This is more selfish, I'll admit, I don't think anyone mentioned wants anything to do with me and has probably moved on now (i think?), but I just want this out of my head because it's been giving me anxiety and stress for like 5 years now.
This is gonna be a kinda vague apology, since I don't want EVERYTHING out there, if anyone's comfortable messaging me then feel free to and I'll be more direct and personal, you all should be unblocked.
In regards to 2019 + 2020-21:
Especially in 2019 because wow, I had no fucking social awareness or respect of others' boundaries and feelings. I am genuinely so sorry for causing so much pain and stress on everyone around me, I was an extremely selfish person and only ever saw my own suffering instead of considering other's suffering. I was 14, I was a kid, an undiagnosed mentally ill kid, but regardless I should have listened to other's when they brought up issues about me (everyone around me was of similar age and had similar if not worse personal problems, so it's definitely not an excuse). I shouldn't have fucking publically trauma dumped or been so self centered. I apologized at the time, but it was so immediately after everything happened I can't blame others for not trusting it. I was cruel to my friends and people who cared for me, and I am deeply sorry. I blocked out a lot from that time, but since I knew there was still resentment towards me in 2020-2021, I can figure I caused a lot of harm.
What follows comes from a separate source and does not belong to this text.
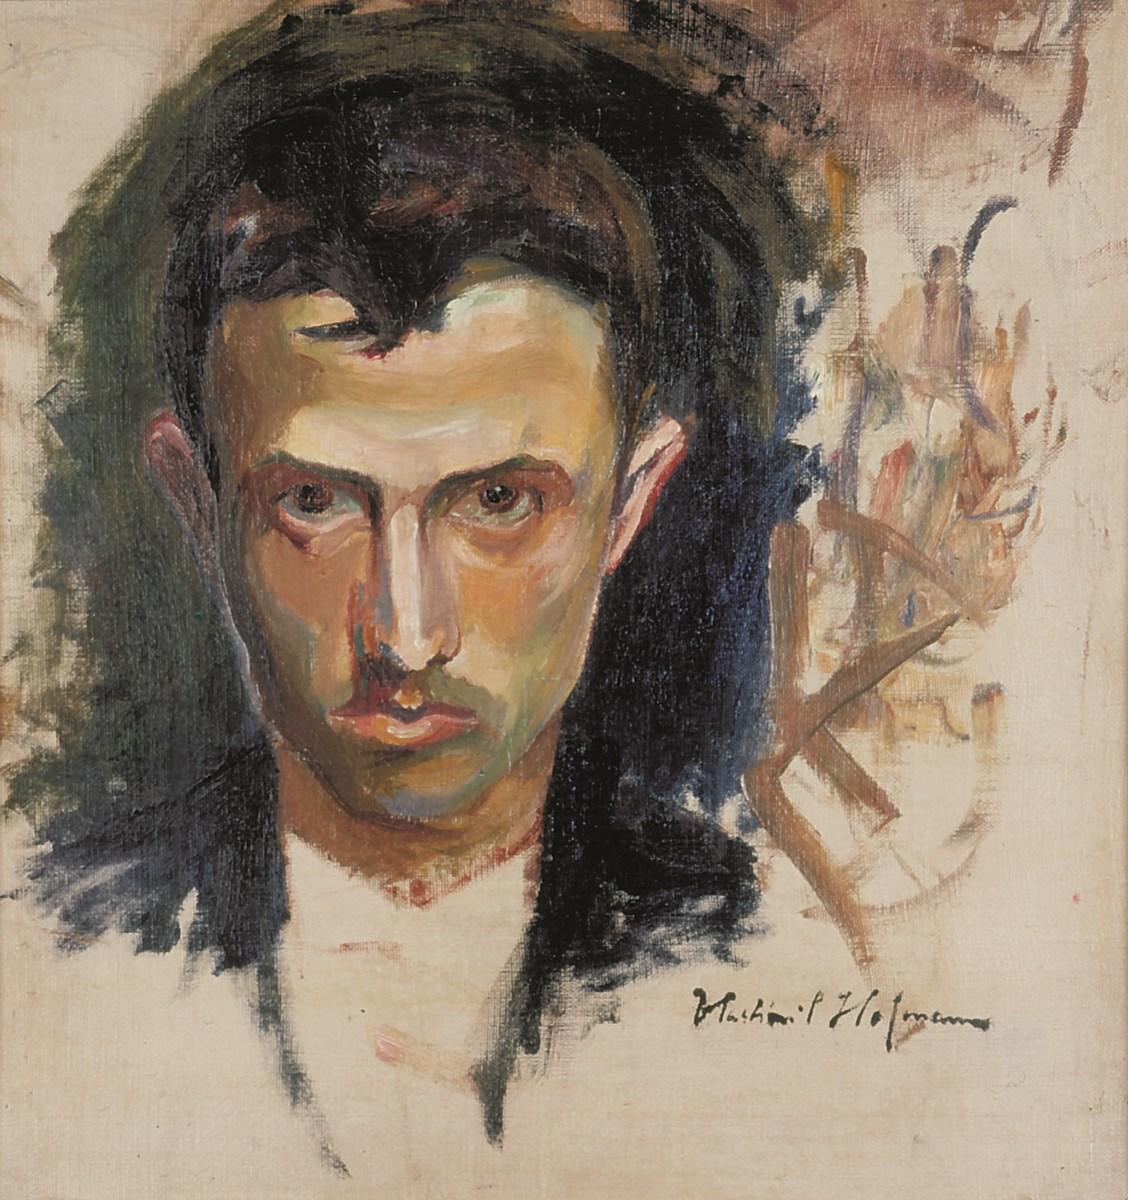 """Wlastimil Hofman, """"Autoportret"""", pocz. XX w., olej, płótno, (37,5 x 36 cm), ze zbiorów Muzeum Karkonoskiego w Jeleniej Górze (źródło: materiały prasowe organizatora)"""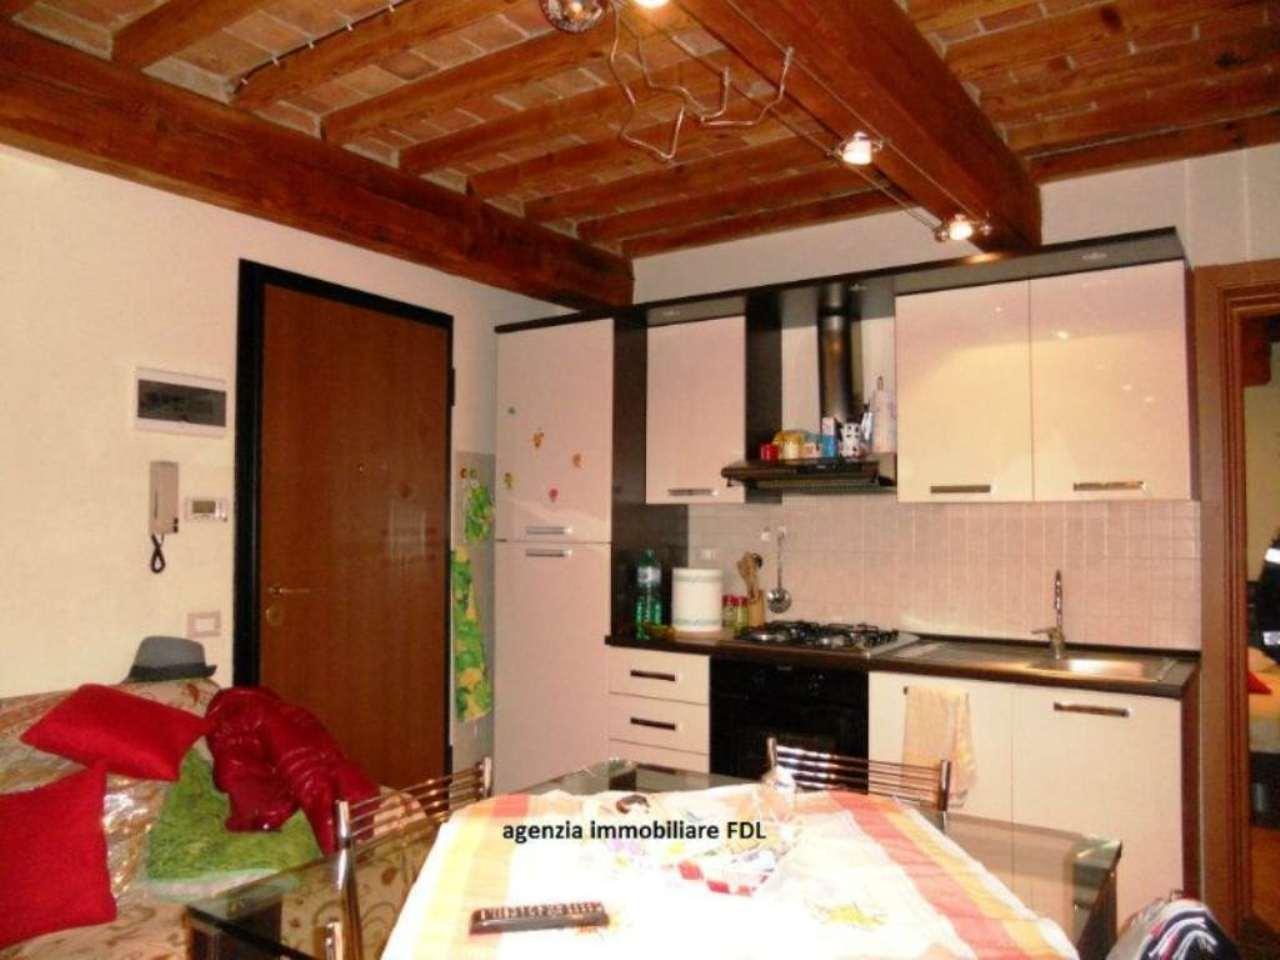 Appartamento in vendita a Peccioli, 2 locali, prezzo € 90.000 | Cambio Casa.it

I don't want there to be any lingering resentment, I don't want you all to still think of me as that abusive, selfish 14 yr old who still hurts others. I'm no longer that, I'm 19 now and have been making a lot more steps to heal from my own trauma and be a better person for those around me. I'm educating myself more on being aware of other's feelings (because autism does not let me do that automatically unfortunately, it's something I've had to intentionally learn-) and not being a selfish dick.
Obviously I don't expect any forgiveness, especially with how old all this conflict is I assume(?) everyone's moved on at this point. If anyone still hates me that is perfectly valid, just keep me blocked and don't stalk me please.
In regards to 2021-2022:
This was the first artist friend group I had after 2019, I've never been great at managing relationships due to my selfishness and poor social skills. It was also particularly awkward since there were also people I knew from 2019 in the new group, yet I just acted like nothing really happened?? I should've apologized right then and there but I was incredibly anxious and just wanted to pretend like everything was ok. Some conflicts happened between my old and new friends, and I ended up siding with my new friends. I don't agree with that decision anymore, as much as I understood my new friend's hurt, I don't believe I should've treated my old friends so coldly, especially since they were trying to be friendly back to me and me just cutting them off so abruptly is inexcusable from my part.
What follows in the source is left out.